According to the Complaint, On April 23, 2017, FelCor’s Board of Directors (the “Board” or “Individual Defendants”) caused the Company to enter into an agreement and plan of merger (the “Merger Agreement”) with FelCor Lodging Limited Partnership, RLJ Lodging Trust, RLJ Lodging Trust, L.P., Rangers Sub I, LLC, and Rangers Sub II, LP. Pursuant to the terms of the Merger Agreement, each outstanding share of common stock of FelCor will be converted into the right to receive 0.362 common shares of beneficial interest of RLJ, and each share of $1.95 Series A cumulative convertible preferred stock of FelCor will be converted into the right to receive one share of newly created Series A cumulative convertible preferred shares of RLJ.

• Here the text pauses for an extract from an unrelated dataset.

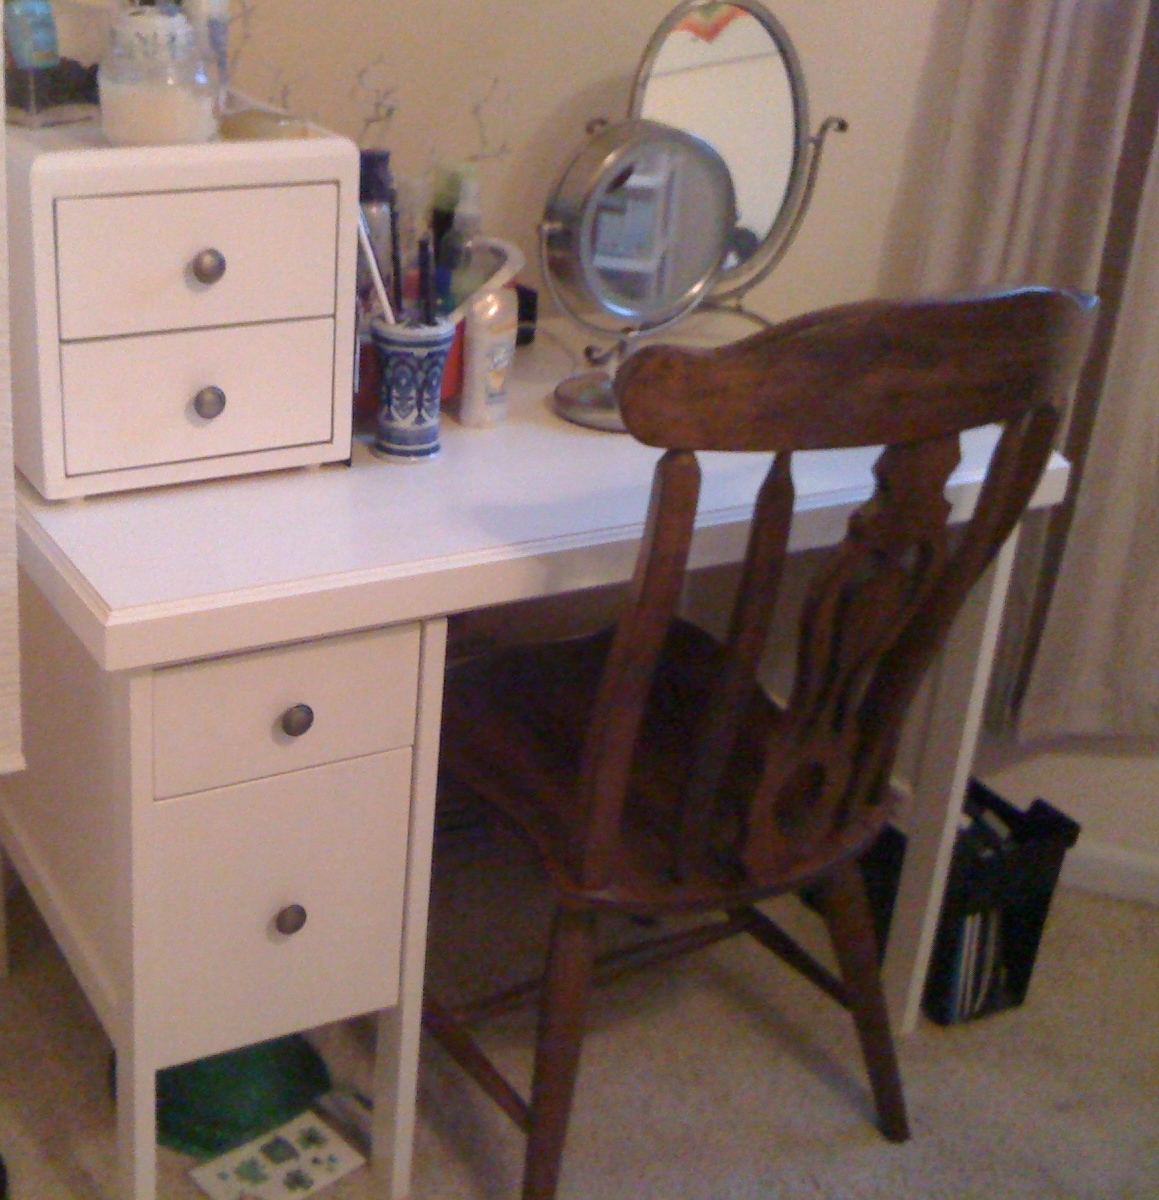 Student Desk/Vanity

On June 2, 2017, defendants filed a Form S-4 Registration Statement (the “Registration Statement”) with the United States Securities and Exchange Commission (“SEC”) in connection with the Proposed Transaction. The Complaint alleges the Registration Statement omits material information with respect to the Proposed Transaction, which renders the Registration Statement false and misleading.
On August 10, 2017, the Court issued an Order Consolidating Cases. The Consolidated Cases shall be identified as: “In Re FelCor Lodging Securities Litigation.”
This case was voluntarily dismissed on November 2, 2017.